‘Prison gerrymandering’ endures in Nevada, despite law
CARSON CITY, Nev. ( AP) — Incomplete demographic information that Nevada prison officials provided lawmakers preparing to redraw the state’s political maps is prompting questions and frustration two years after the Legislature passed a law to count incarcerated residents in their home communities during the once- in- a- decade redistricting process.
The data gap suggests Nevada’s efforts to end so- called “prison gerrymandering” are far from complete as lawmakers prepare to implement a recently passed ban of the practice for the first time later this year.
“Here we are, in 2021, with half of the people that we aren’t being able to identify. That’s problematic to me because I would like to see everyone counted,” state Sen. Roberta Lange, a Las Vegas Democrat, said in a Wednesday hearing.

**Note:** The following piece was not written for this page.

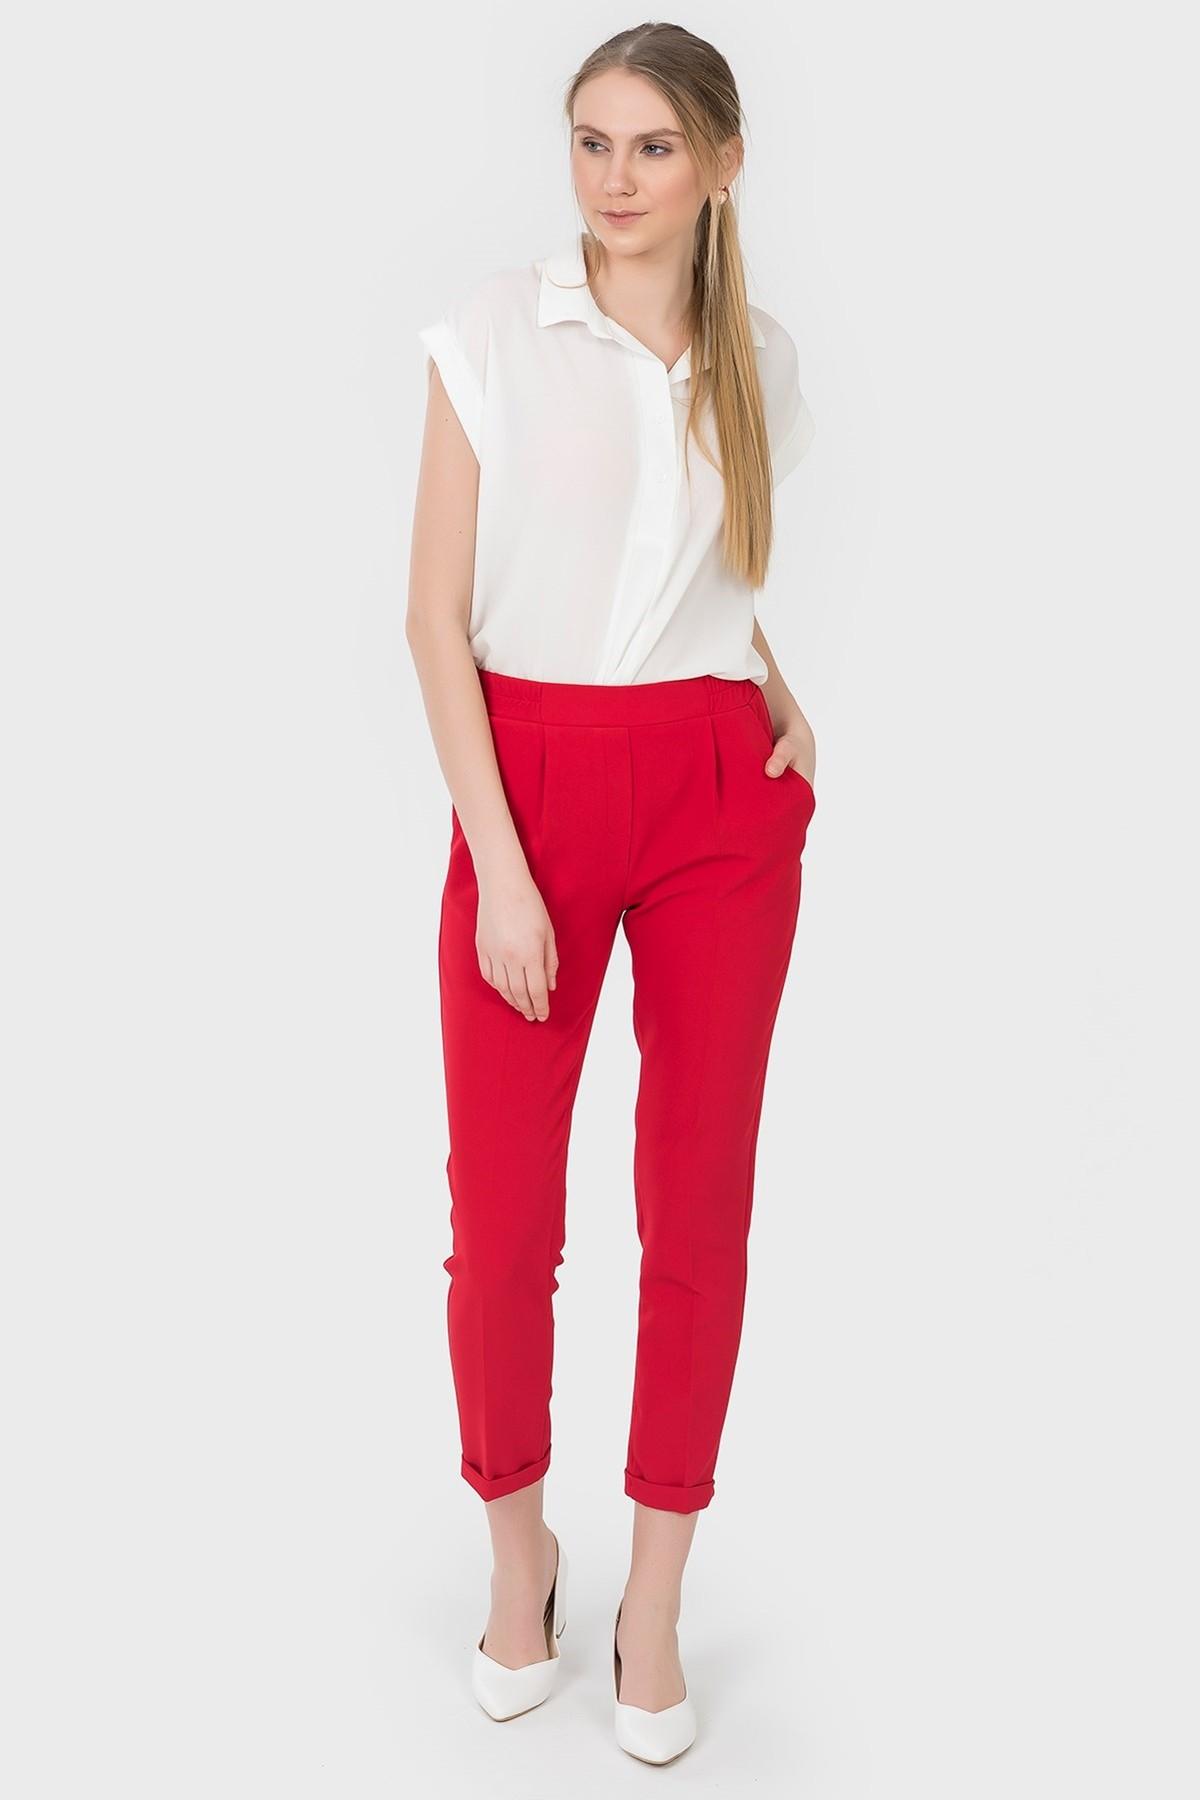 İroni Kadın Kırmızı Jogger Pantolon 1671-891 1

Most states count inmates as part of the population where their prisons are located. Detractors say the practice, known as “prison gerrymandering,” artificially inflates the population and voting power of rural, mostly white prison towns at the expense of minority communities disproportionately incarcerated. In Nevada, where 51% of the population is white, 58% of the prison population is Black, Latino, Native or of Asian descent.
“It’s taking people who would otherwise count for representation in their own communities and moving them to areas that aren’t just far away from home, but also look very different,” said Yurij Rudensky, redistricting counsel at the Brennan Center for Justice. “Certain areas are essentially getting a windfall because they happen to house prison facilities.”
The extent to which people in Nevada prisons are reallocated has significant implications on the population and, in turn, voting power communities across the state will have through the next decade.
Roughly 20% of the population in rural Pershing County resides in the Lovelock Correctional Center and a 2019 law requires the prison’s 1,345 inmates be counted at their “last known address” when lawmakers redraw the state’s political maps.
Prison officials provided addresses for less than half of Lovelock’s inmates. Though far from complete, reallocating 644 to their home communities shrunk Pershing County’s population by 9.7%.
Republican Pete Goicoechea’s state Senate district includes three of Nevada’s seven correctional centers. Reallocating about half of the prison population to pre-incarceration addresses removed 3,804 residents, 2.4% of his district’s population.
He said the law accounts for many inmates not having addresses and thinks it makes sense for some, for example those serving life sentences, to count prison addresses. He considers inmates’ interests when voting on budgets for the prison system, but sees them differently than other constituents.
“Let’s be honest, most of them, at the point they’re incarcerated, they’re felons and don’t have the ability to vote. I don’t go in to campaign in the prisons. You wouldn’t because it really doesn’t have an impact on the electorate,” Goicoechea said.
The Census Bureau reported in August that 19,575 Nevada residents lived in correctional facilities for adults, which includes people in jails and federal prisons from Nevada and other states. Nevada’s inmate reallocation law only applies to state prisons. Officials initially sent 12,214 address records in February.
Redistricting staff worked with the Department of Corrections to use as many of the addresses as possible, but said Wednesday that only about half had the needed information. Only 6,275 people — about 51% of prison officials’ initial submission — were reallocated to their “last known residential address” per the 2019 law.
“There’s a significant number of inmates who will remain counted at the prison site either because there’s insufficient evidence that they were Nevada residents before incarceration or insufficient evidence of their address in general,” legislative attorney Asher Killian said.
Nevada is one of 11 states that reallocates inmates to their pre-prison addresses during redistricting.
State law requires prison officials “compile the last known residential address of each offender immediately before the offender was sentenced” and send the information to the state demographer.
Prison officials turned over a complicated and admittedly incomplete dataset that included four categories of inmate addresses noting shelters, family addresses and planned parole addresses that they didn’t know how to interpret.